Presentation to Environment Portfolio Committee Department of Planning, Monitoring and Evaluation Department of Environmental Affairs Implementation Evaluation of the Effectiveness of Environmental Governance in the Mining Sector Presentation to Environment Portfolio Committee Rudi Dicks 7 March 2017
Overview of the Environmental Governance Framework The National Environmental Management Act, 1998 (NEMA) is the legislative environmental ‘framework’ in South Africa, which defines the environmental management approach that should be integrated across all sectors, including the mining sector. The objective of the environmental governance framework for South Africa’s mining sector is to ensure that the environmental impacts of mining activities are effectively mitigated or managed.
The evaluation The purpose of the evaluation was to assess the relevance and effectiveness of the legislation and the implementation thereof in achieving this objective Data sources - a literature review; key informant interviews (KIIs); and four case studies (Gauteng gold mining, Northern Cape asbestos mining, Mpumalanga coal mining and North West platinum mining).
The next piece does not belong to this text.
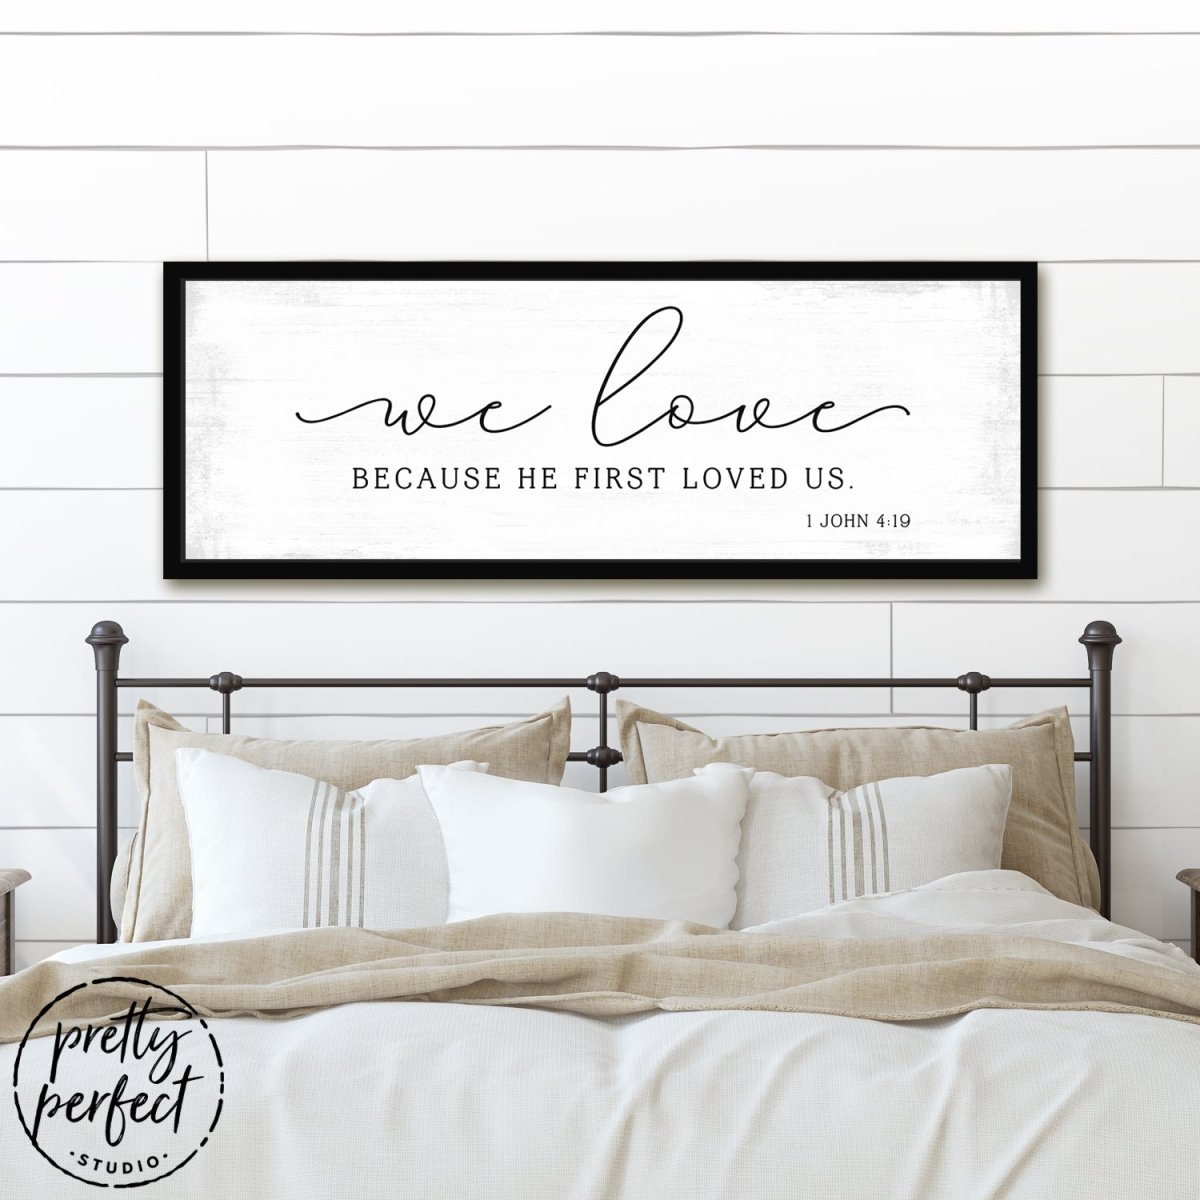 We Love Because He First Loved Us Christian Sign Hanging on Wall - Pretty Perfect Studio
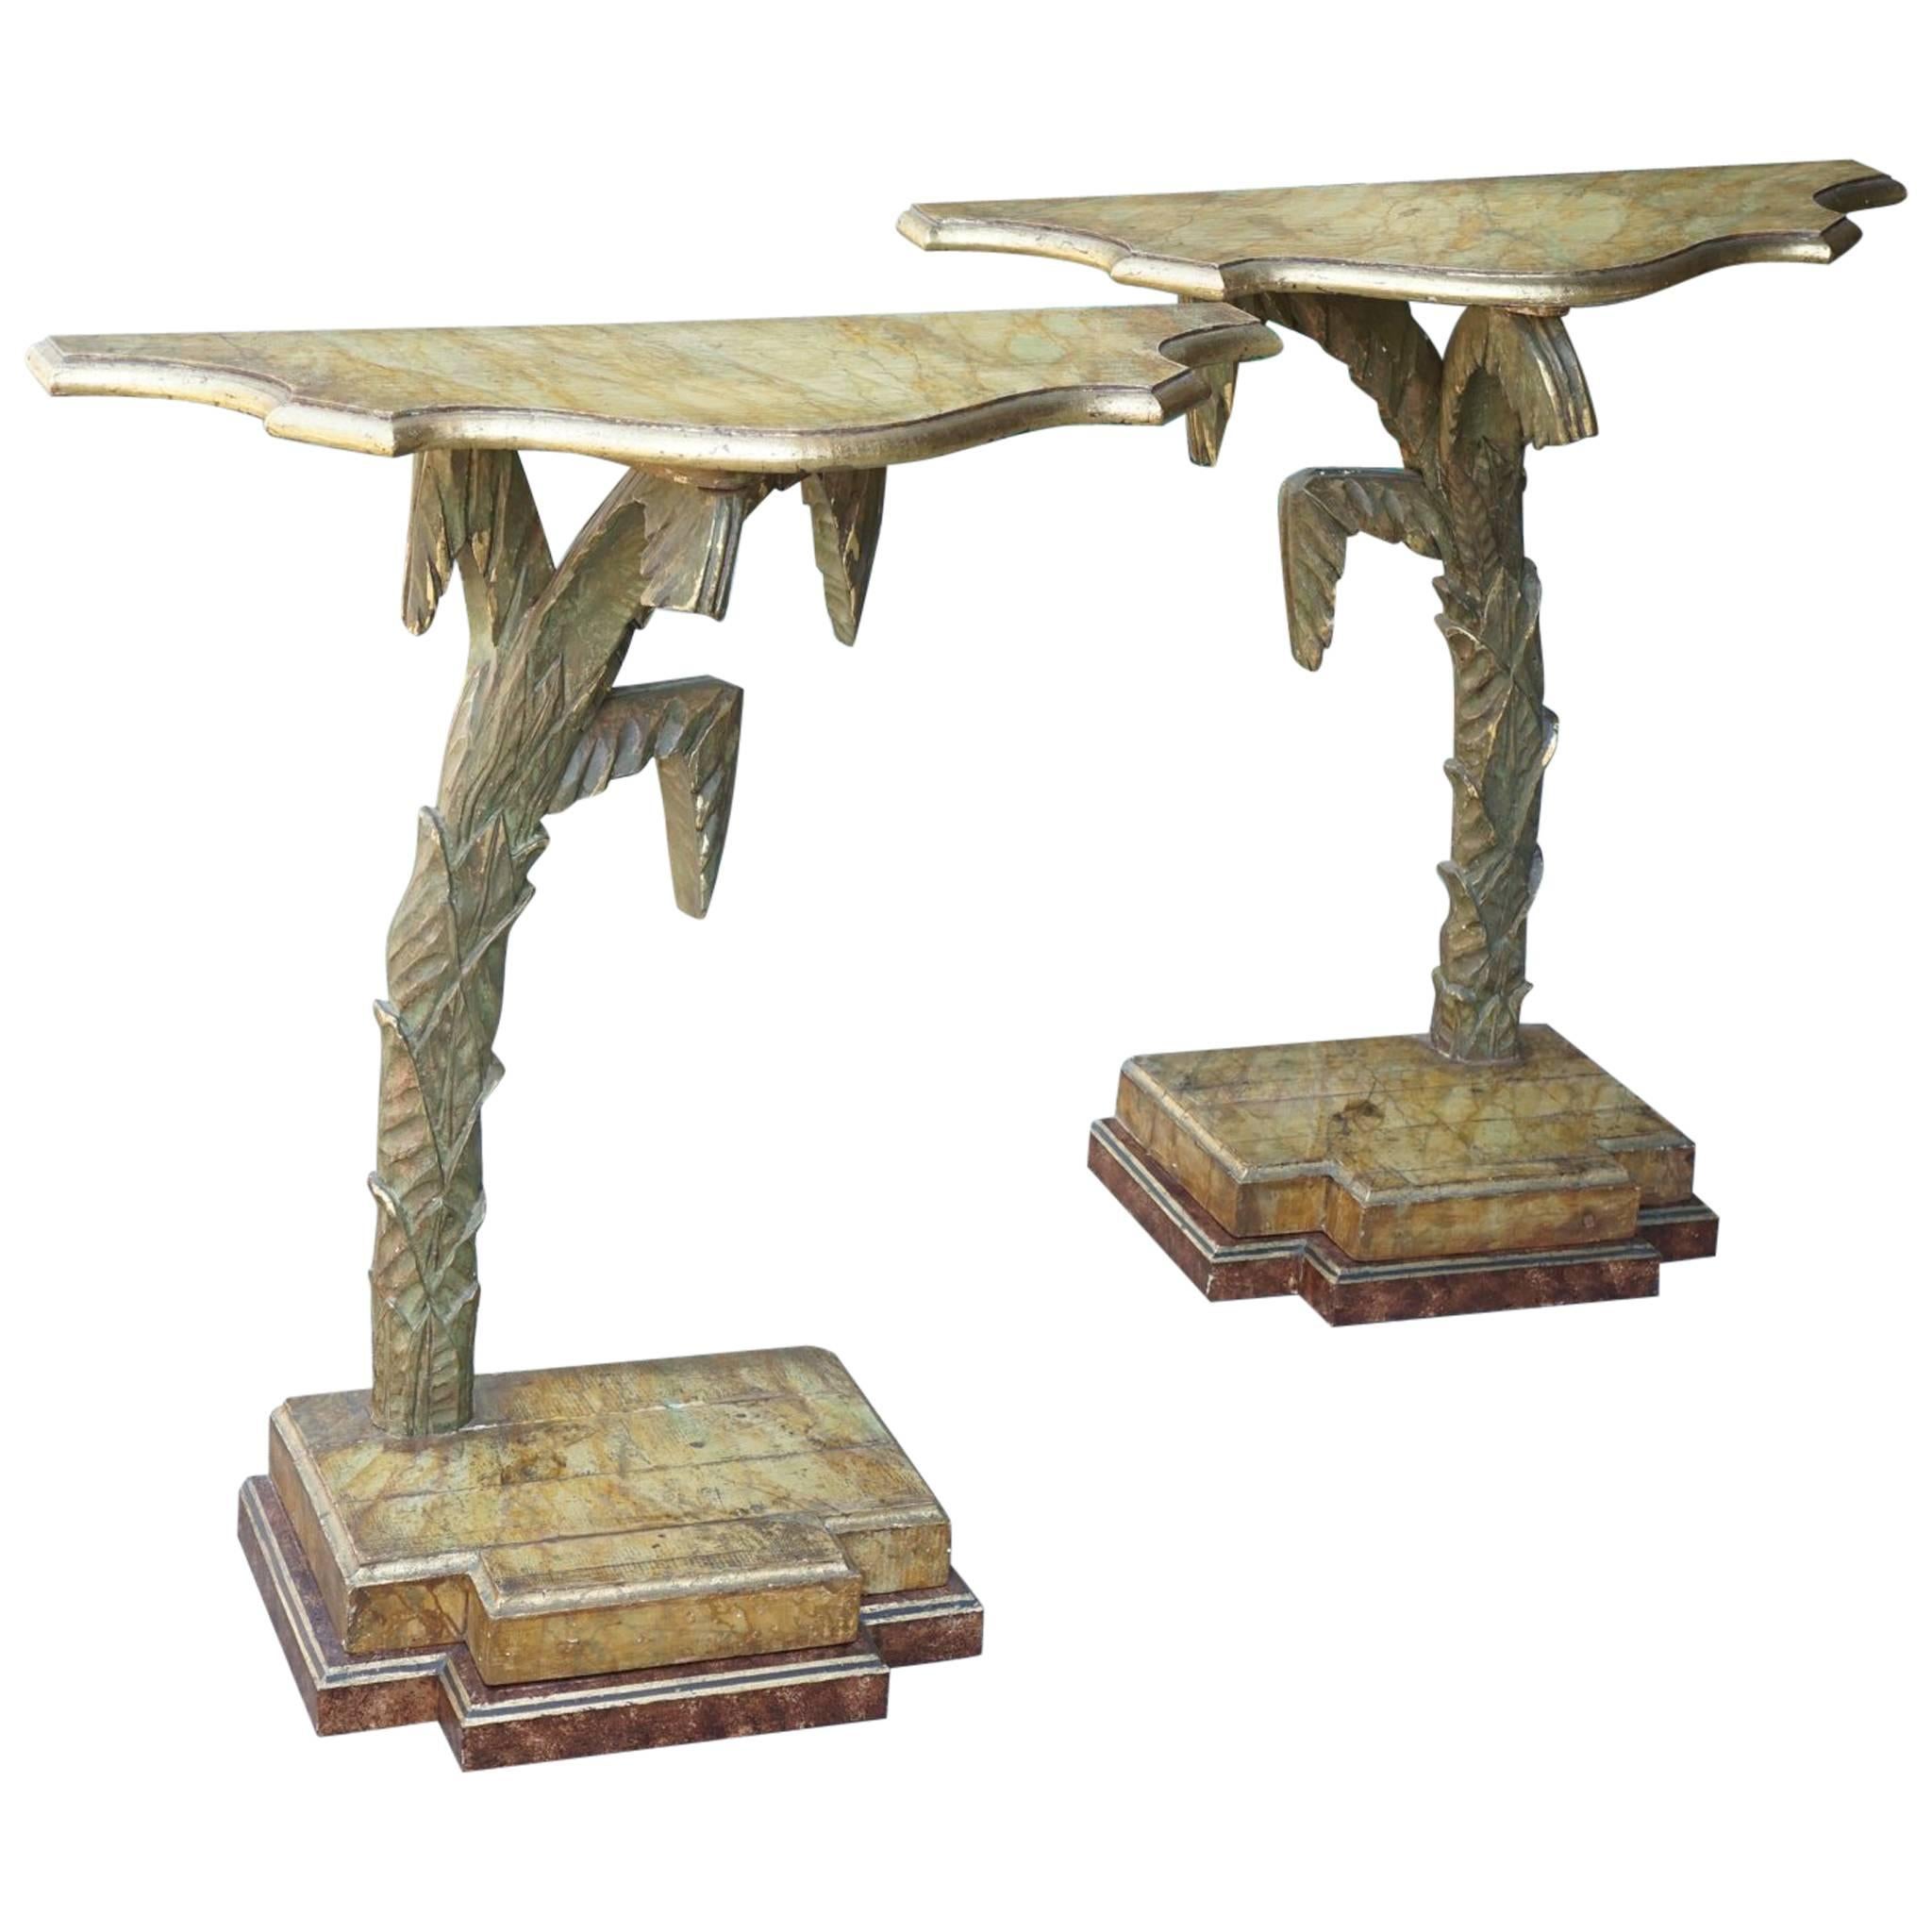 Early 20th Century Italian Console Tables from the Collection of Keith Richards

Key Findings Inadequacies of current guidelines to ensure adequate rehabilitation. Inadequacies of the guideline present some risk to the State from mining-related long term liability, but mitigated by provisions of the MPRDA and the Regulations. Means or mechanisms for determining the most suitable use of land. MPRDA does not accurately define sustainable use of land, nor require identification of most sustainable land use. Identified land use alternatives may not necessarily be the most sustainable uses.
Key Findings Appropriateness & effectiveness of current institutional mechanisms for environmental performance. The institutional mechanisms used for environmental performance are the promulgated statutes and regulations relating to environmental management. In theory the framework described in the regulations is appropriate for promoting good governance in the mining sector. However, it is poorly enforced in practice. Effect of the Minerals Act and MPRDA on the environmental performance of mining. While regulated changes in legislation have potentially enhanced environmental governance of mining, implementation remains a concern. Without adequate enforcement, the legislation loses its effectiveness.
Key Findings Extent to which mining-related environmental liabilities are covered by the state. State liable for mining-related environmental liabilities for historical mines but has limited liabilities for new mines given limited number of closure certificates. Costs of mining-related environmental liabilities for the State could have been reduced if legislation at the time required mines to make financial provision for rehabilitation and closure.
Key Findings Appropriateness of the implementation and enforcement of mining related environmental governance being from within DMR. This evaluation accepts the DMR’s current responsibility, particularly as another change to the regime would be too disruptive to the mining industry. However to be effective competent authority requires improving capacity, systems and cross-deptment coordination.
Recommendations of the evaluation To avoid confusion, legislation, particularly NEMA, should provide definitions across environmental regulations, including defining the term ‘sustainability’. Concurrent rehabilitation should be encouraged or enforced. ‘Sustainability’ should be clearly defined, method should be defined for conducting sustainability assessments, with clear demarcation of responsibility between mine and authorities.
Recommendations of the evaluation (2) Mining companies should be responsible for all foreseeable environmental impacts as approved in EMP, including unforeseen environmental impacts during operation. State should be liable for all other unforeseen environmental impacts. Communication channels within & between departments should be reviewed and improved. DMR should develop the capacity, skills, technical expertise & systems for an effective competent authority.
Recommendations of the evaluation (3) Guideline for calculating the cost of financial provision for rehabilitation and closure of mines should be updated and training provided to mines and consultants on its implementation. DMR should move to automated reporting system with data stored in central database.